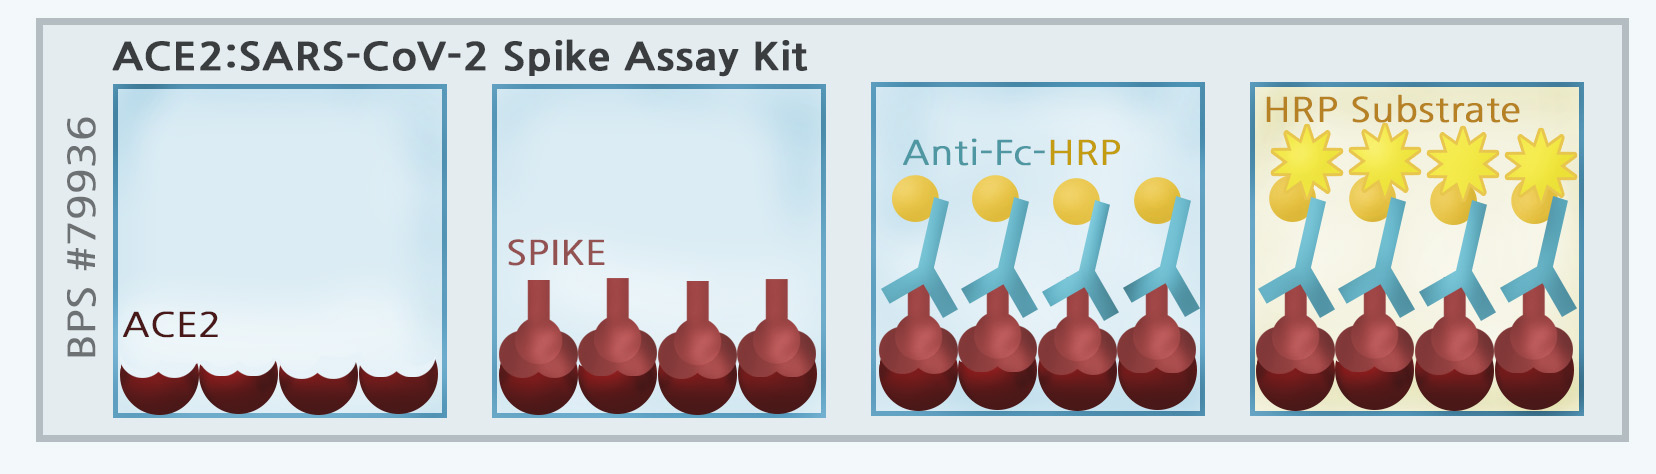 ACE2: Spike S1 RBD (SARS-CoV-2) Inhibitor Screening Assay Kit
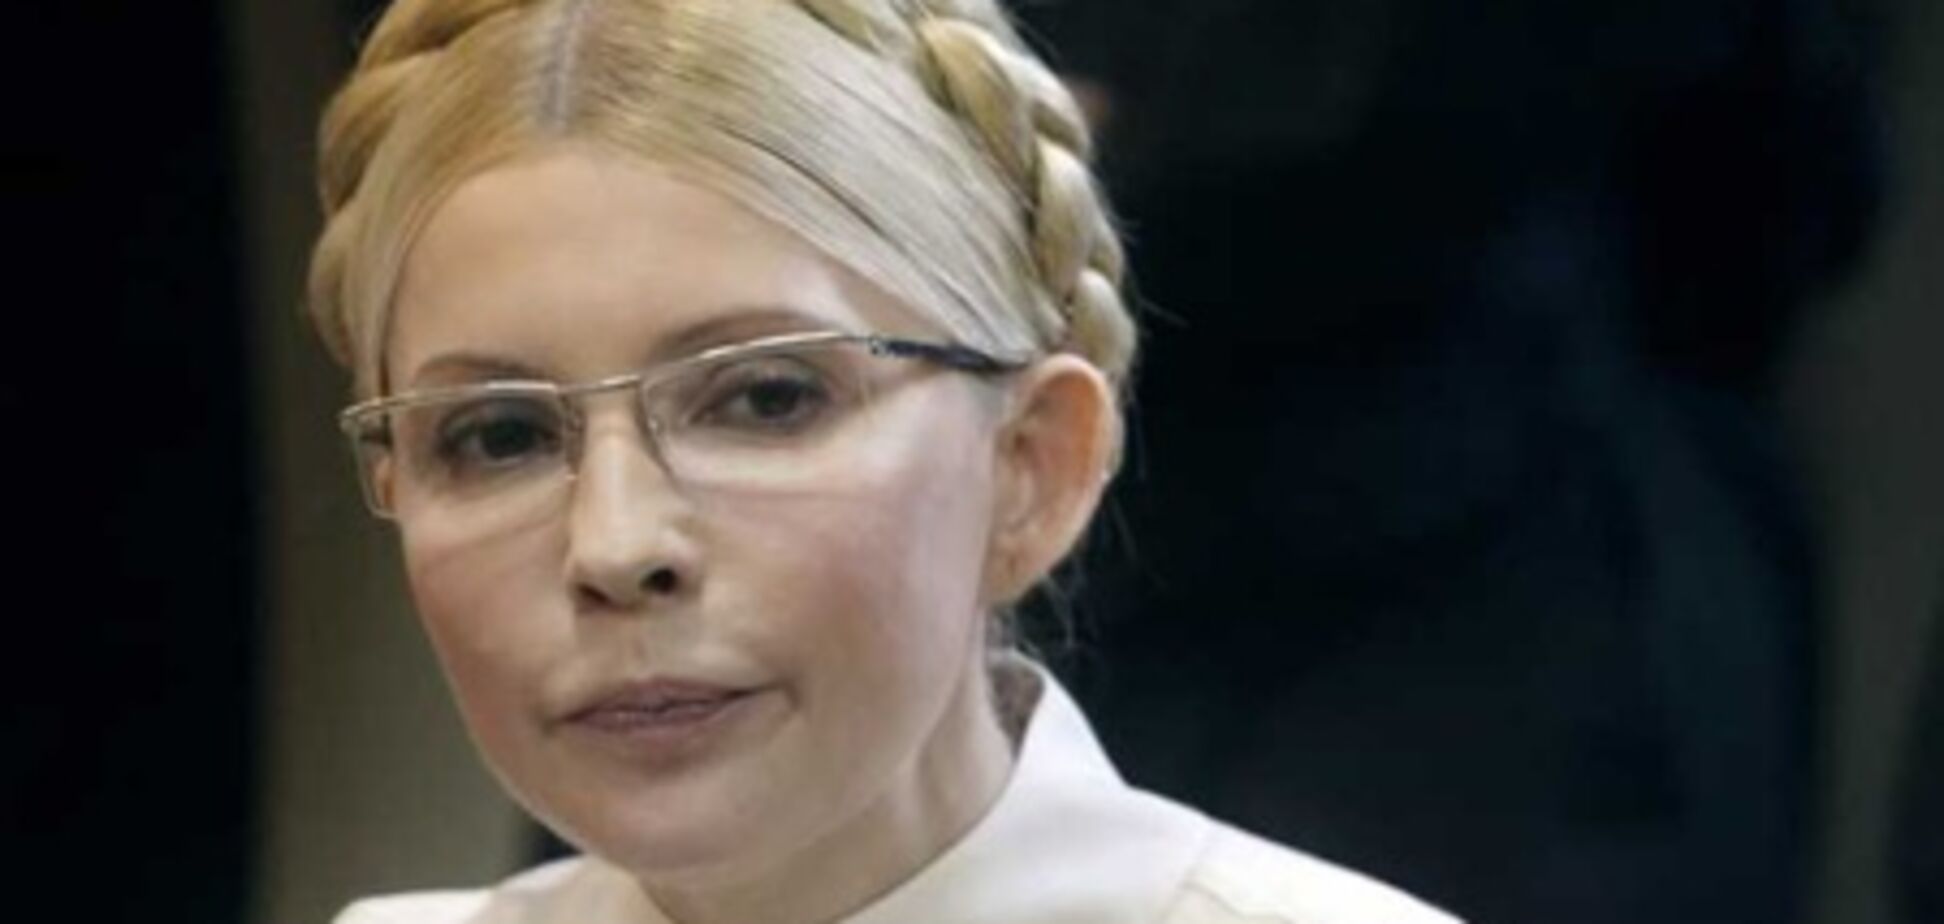 Обиход: Евросоюз не знает о 'карьерном пути' Тимошенко
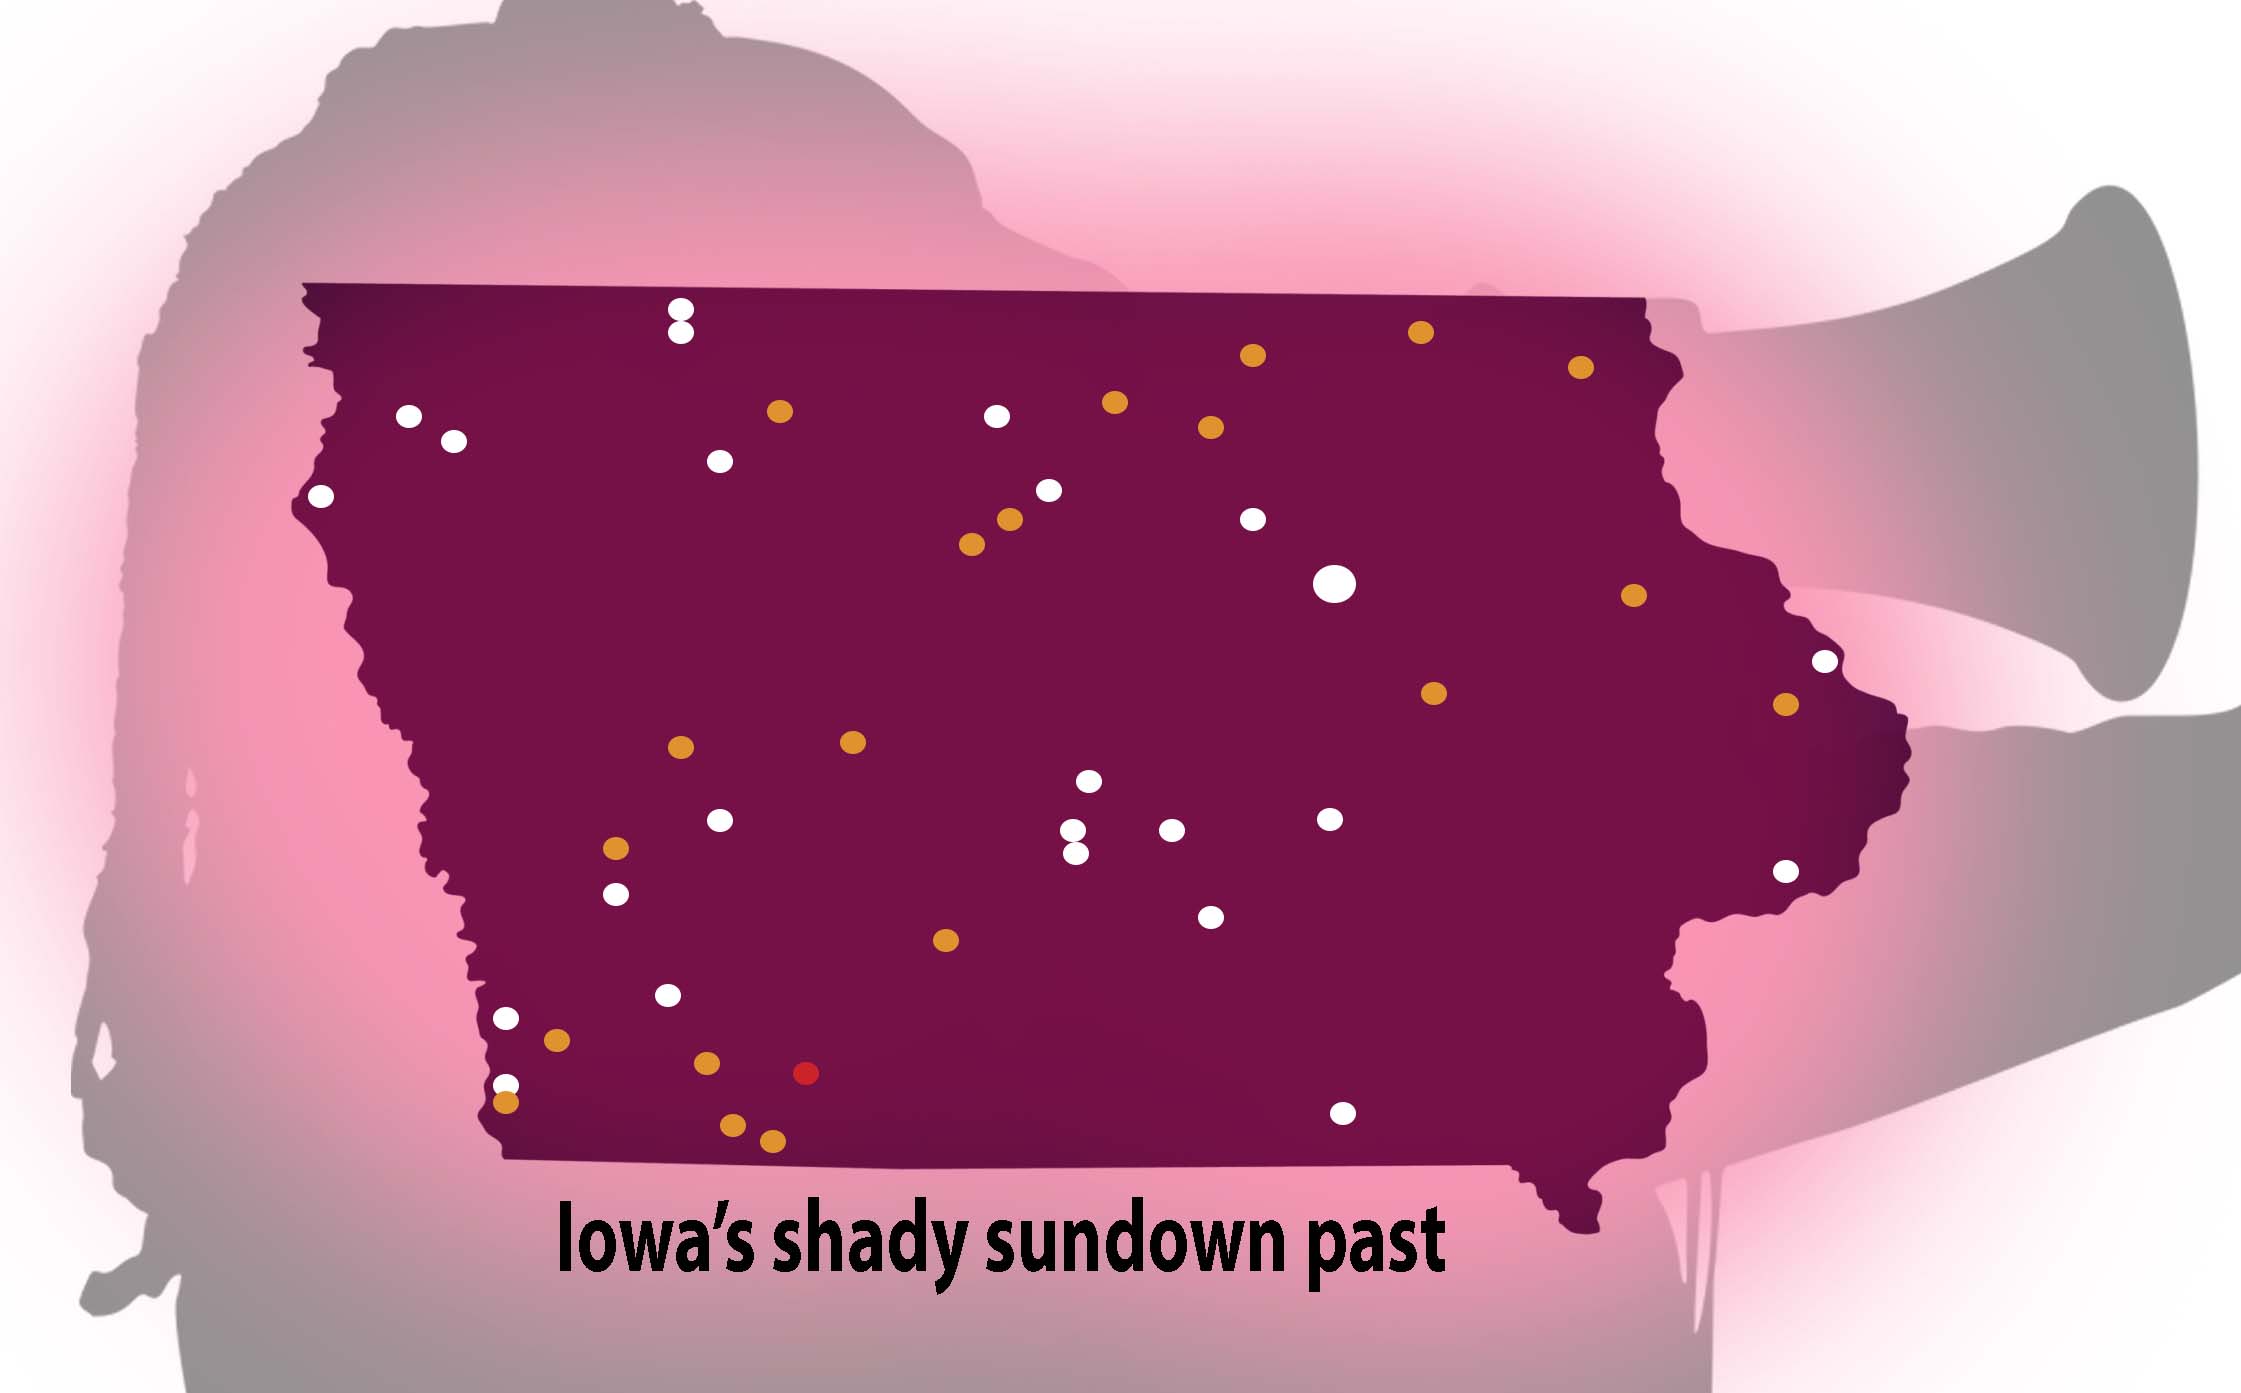 Emergency! Iowa’s sundown past of racism is still hurting us
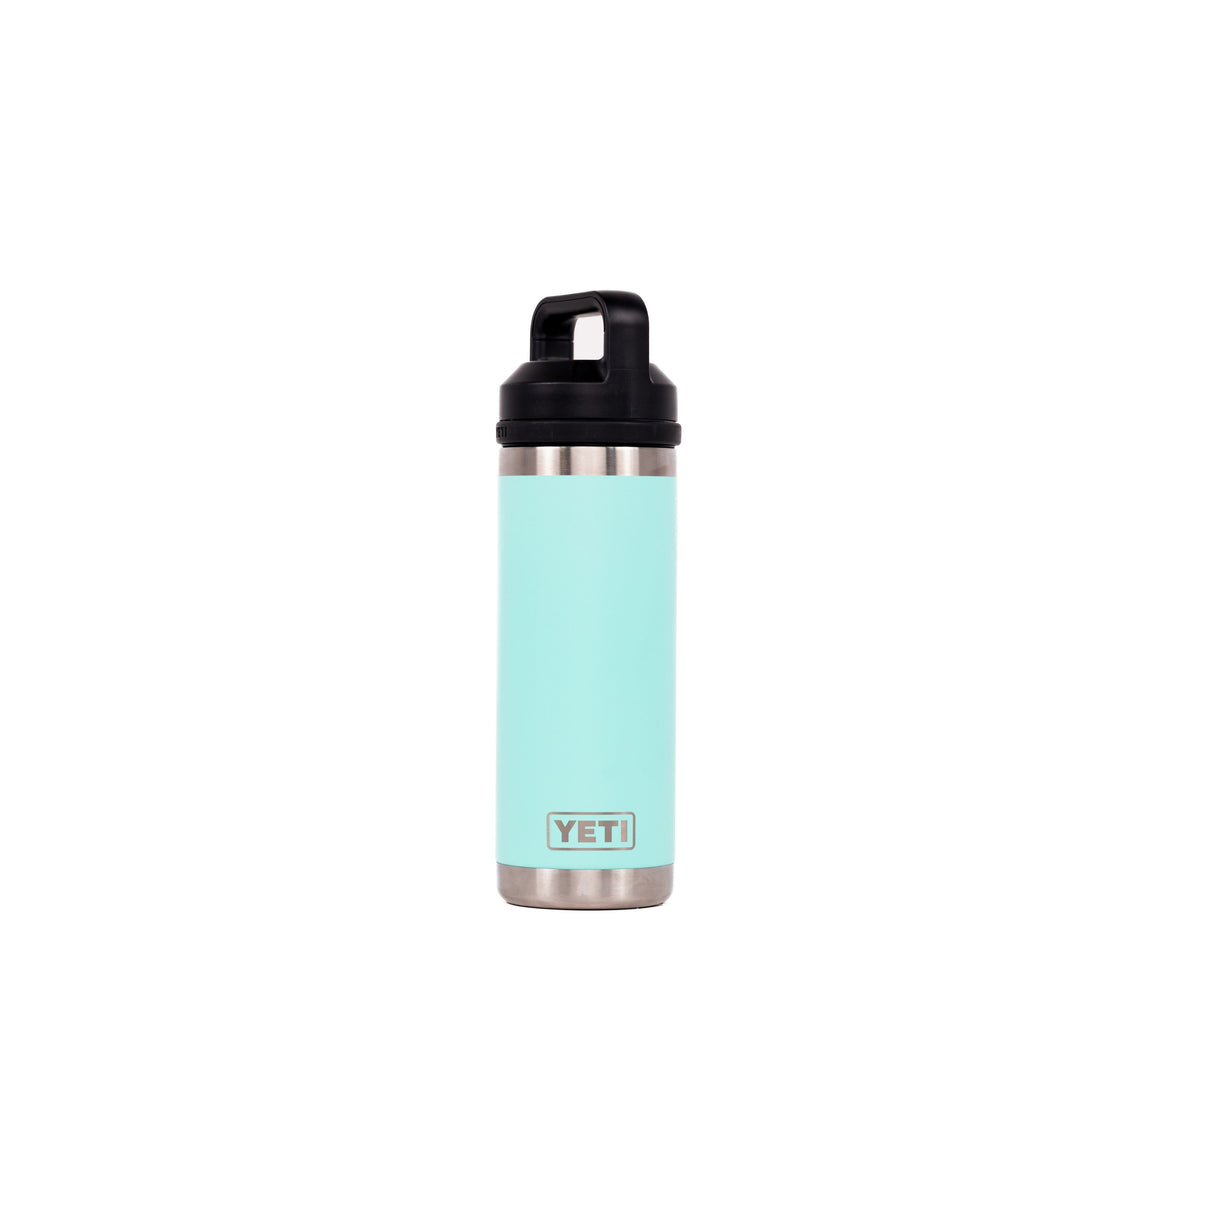 Yeti Reef Blue 18oz Rambler Bottle 2018 🌊 RARE Collector Lid

#####

Exercise directions –
Give back each line above verbatim, dropping every picture.

Written answer –
 ACE2: Spike S1 RBD (SARS-CoV-2) Inhibitor Screening Assay Kit
 Обиход: Евросоюз не знает о 'карьерном пути' Тимошенко
 Emergency! Iowa’s sundown past of racism is still hurting us
 Yeti Reef Blue 18oz Rambler Bottle 2018 🌊 RARE Collector Lid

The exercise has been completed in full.